I don't think the launch issue is the main problem: after all the nuclear thermal system also requires nuclear materials in orbit.
Apparently a nuclear drive could half the transit time to Mars for astronauts, which has the additional benefit of less hard radiation exposure (assuming the nuclear reactor doesn't have any issues in transit).
There were projects to develop nuclear thermal designs at the Nevada Test Site (Area 25, 'Jackass Flats') run by Los Alamos, 1955-1973. They had three designs (Kiwi, Phoebee, Pewee), all using highly-enriched uranium (bomb grade, as with nuclear engine reactors). I think these have longer lifetimes and are more efficient, but the new NASA report makes a point of using low-enriched designs this time around.

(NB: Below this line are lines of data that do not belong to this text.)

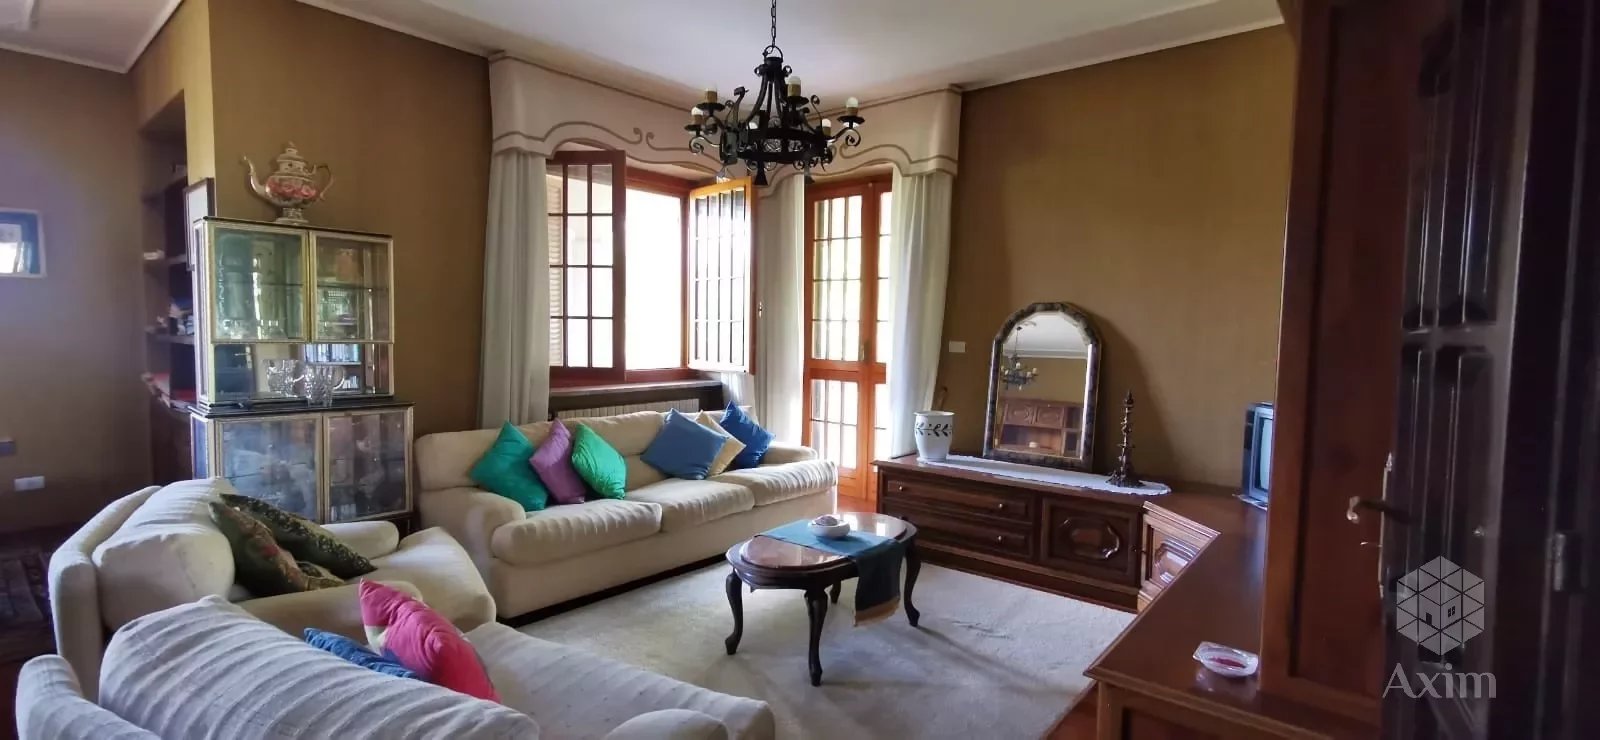 Living-room Carpet Chandelier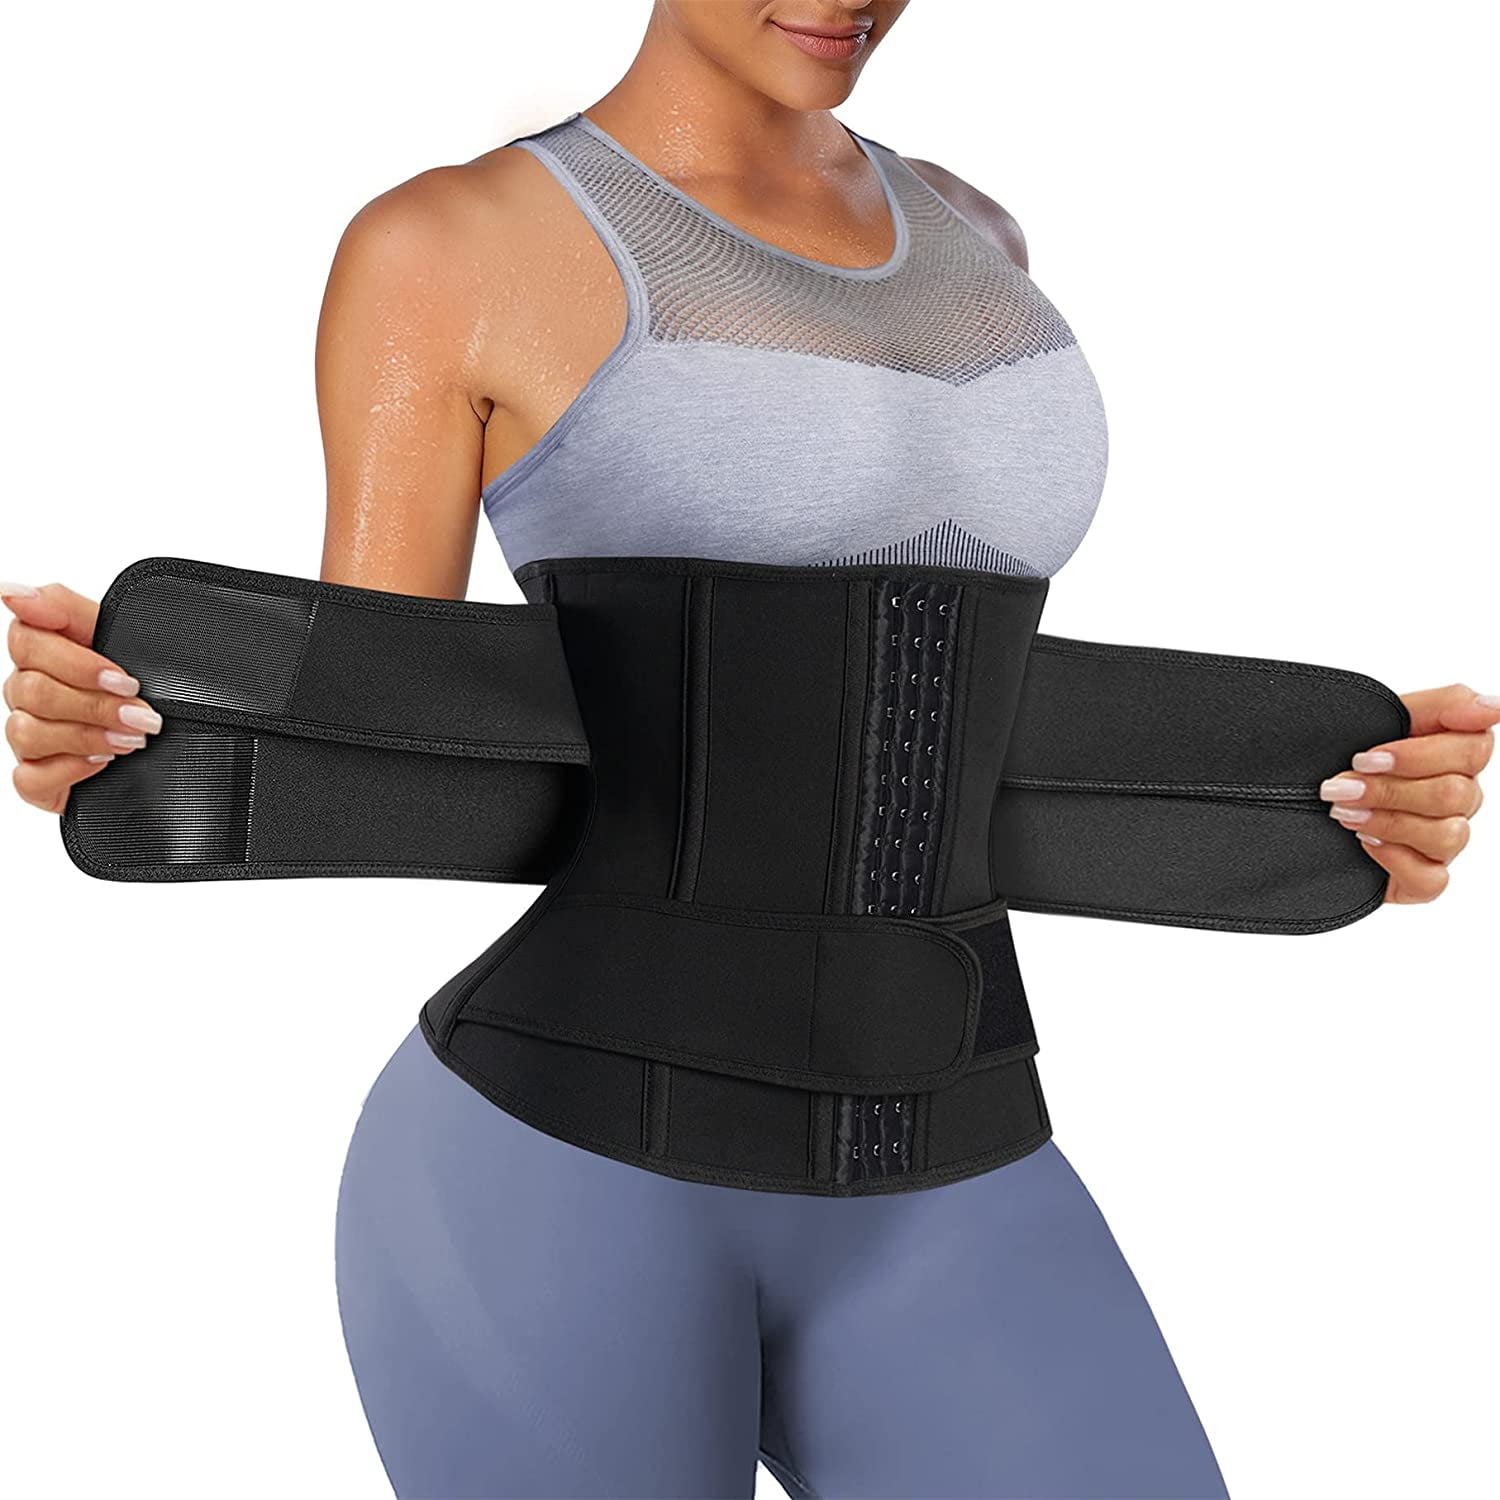 YIANNA Waist Trainer Slimming Body Shaper Belt Sport Girdle Waist Trimmer Compression Belly Weight Loss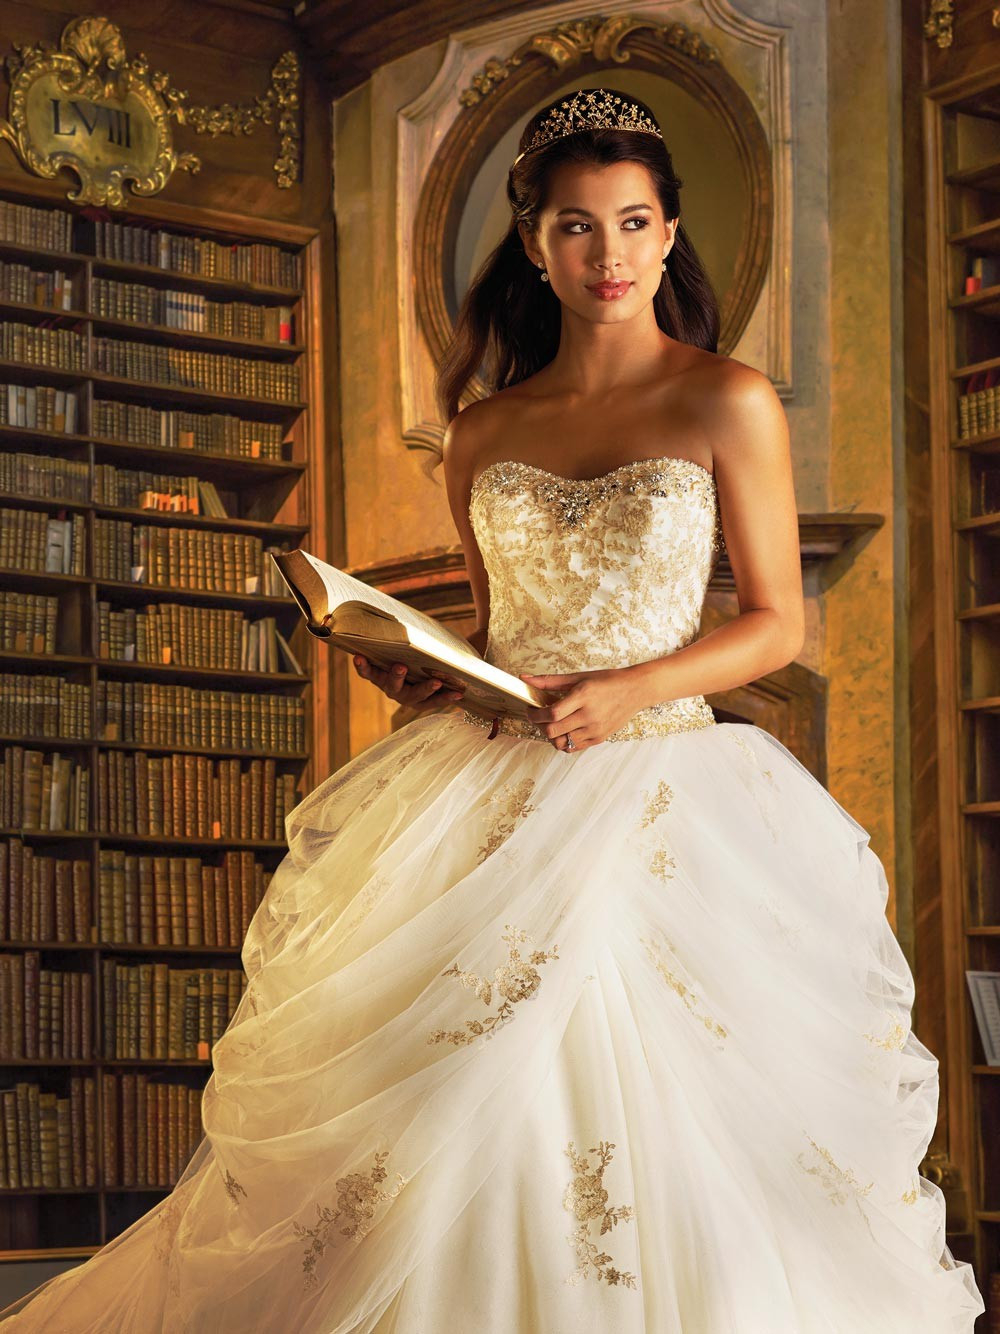 Disney Wedding Gown
 Disney Wedding Dresses for Fairytale Weddings hitched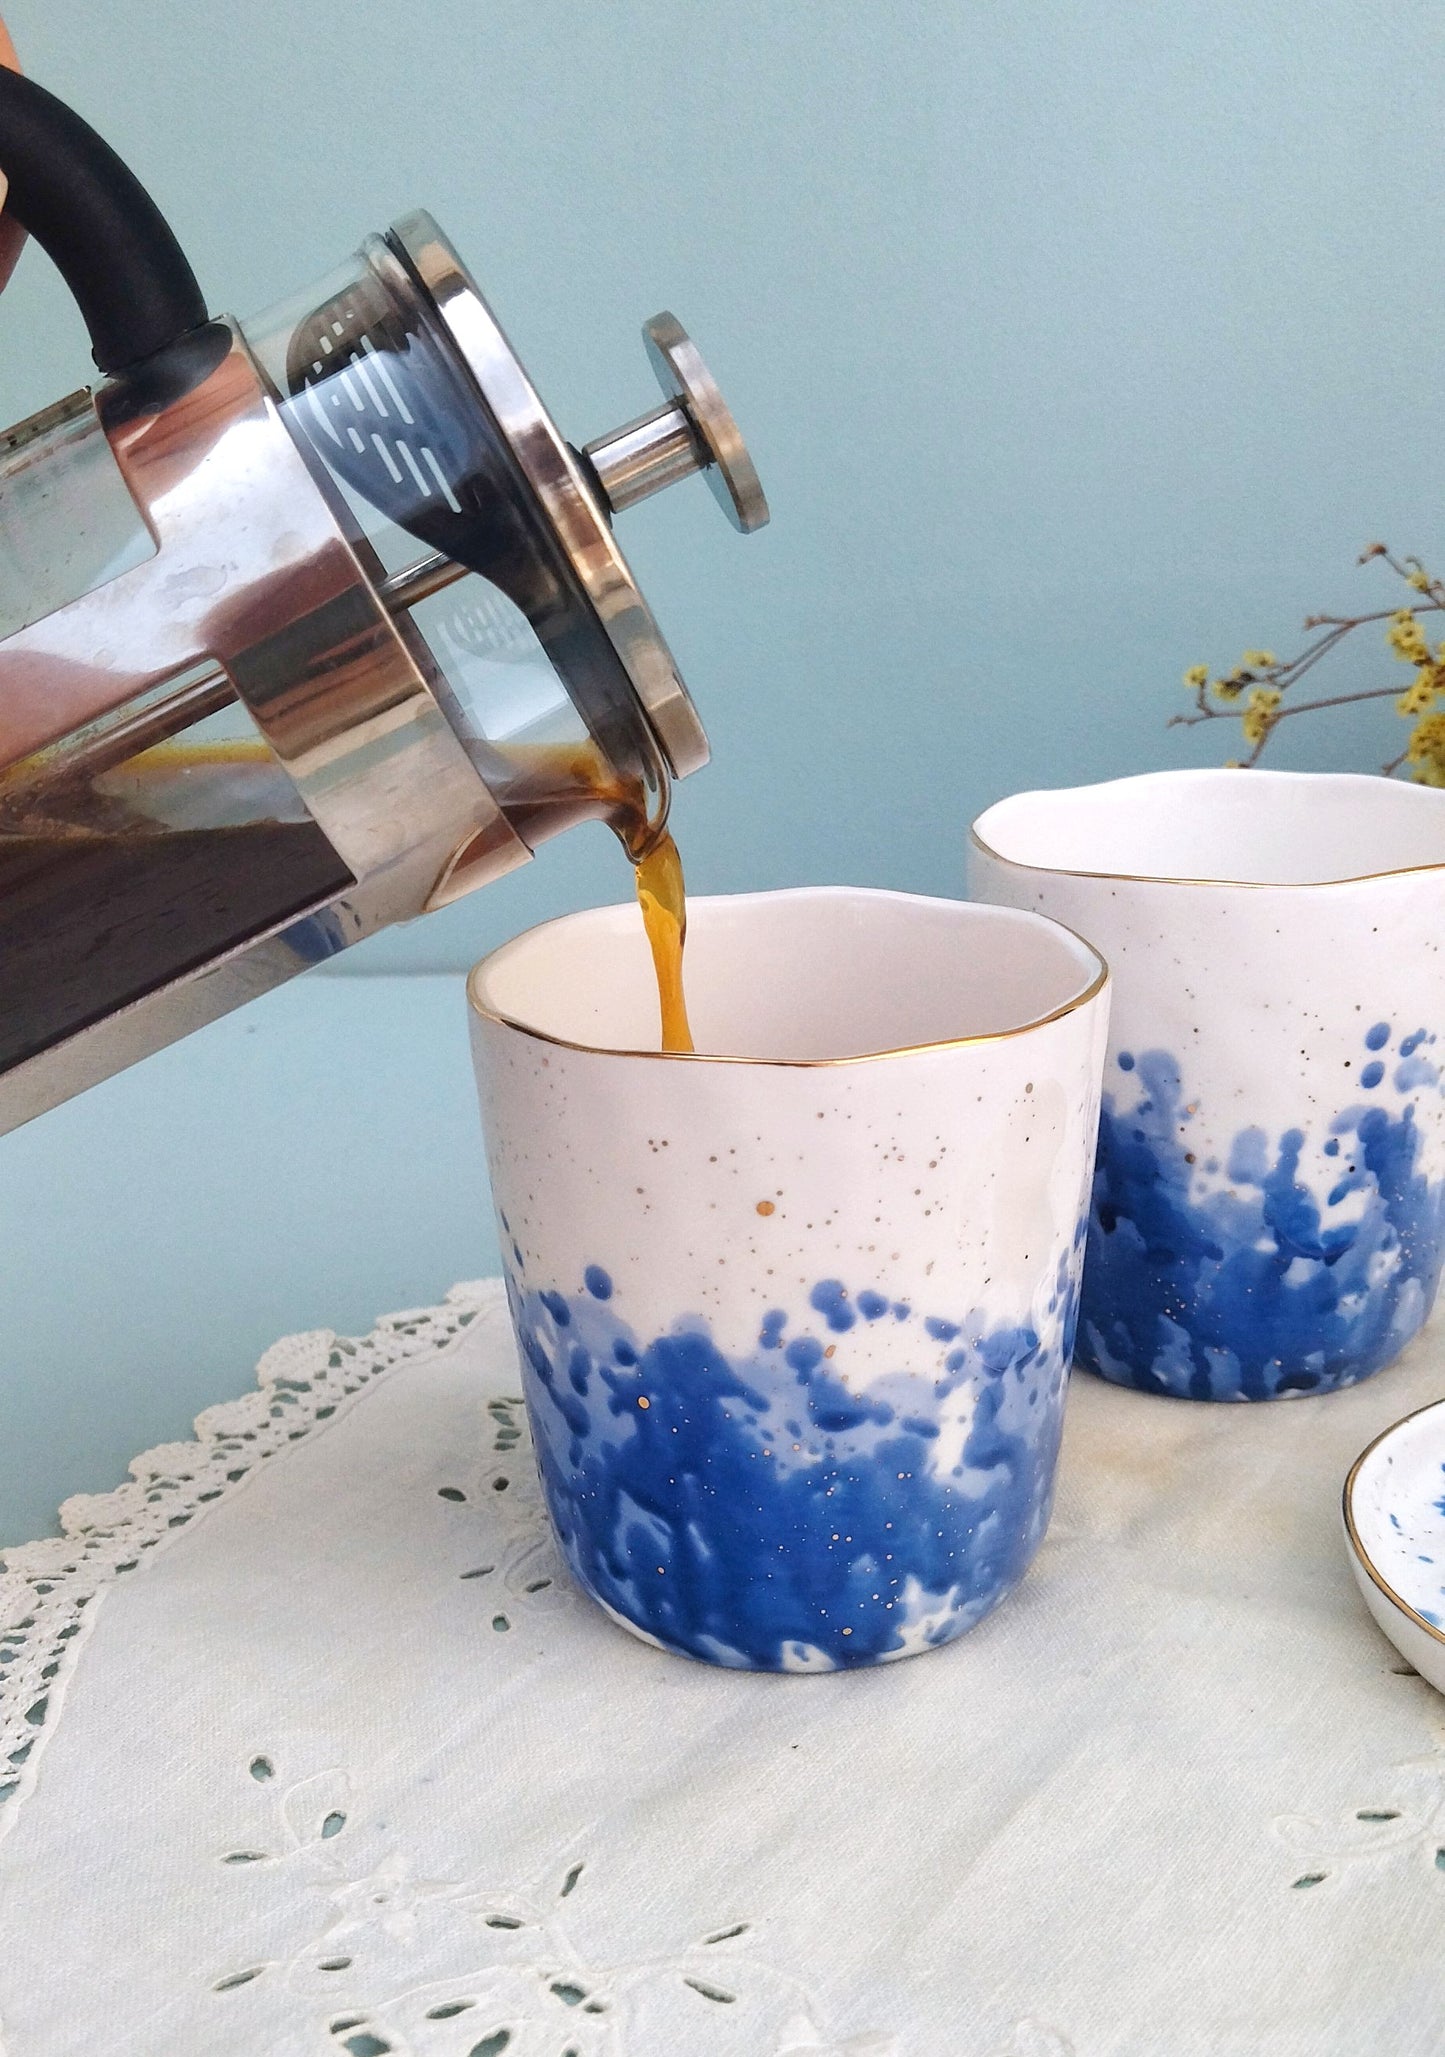 Gold Ceramic Rimmed Cups, White Porcelain Cup With Cobalt Splashes, Set Of 4

I can't imagine it would be plausible to launch something like that without first testing it at a DOE/NNSA facility of some kind however, which might be a little problematic, as blowing up a nuclear reactor during a rocket test would be bad optics.
Given the increased speeds, how does arrival at the destination work? I assume the rocket is rotated 180° and fired. Is the plume the rocket flies through radioactive?
There are some other options like aerobraking in the thin Martian atmosphere, and the gravity of Mars helps capture the vehicle at the other end, so not that much braking thrust is needed, and it's going to be fired at some complex angle:
These types of rockets ideally shouldn't produce much radiation, as the working fluid (propellant) is just heated up by passage through the reactor, although I don't know if there's a primary coolant loop and a heat exchange or if it's just basically the primary coolant being blown out to space, in which case maybe there'd be some 3H-tritium formed? Probably not much of a concern, though it might be for a Earth-based test firing.
I think nuclear propulsion is there only way forward for interplanetary colonisation because we've long reached the limits of chemical. And ion is too slow.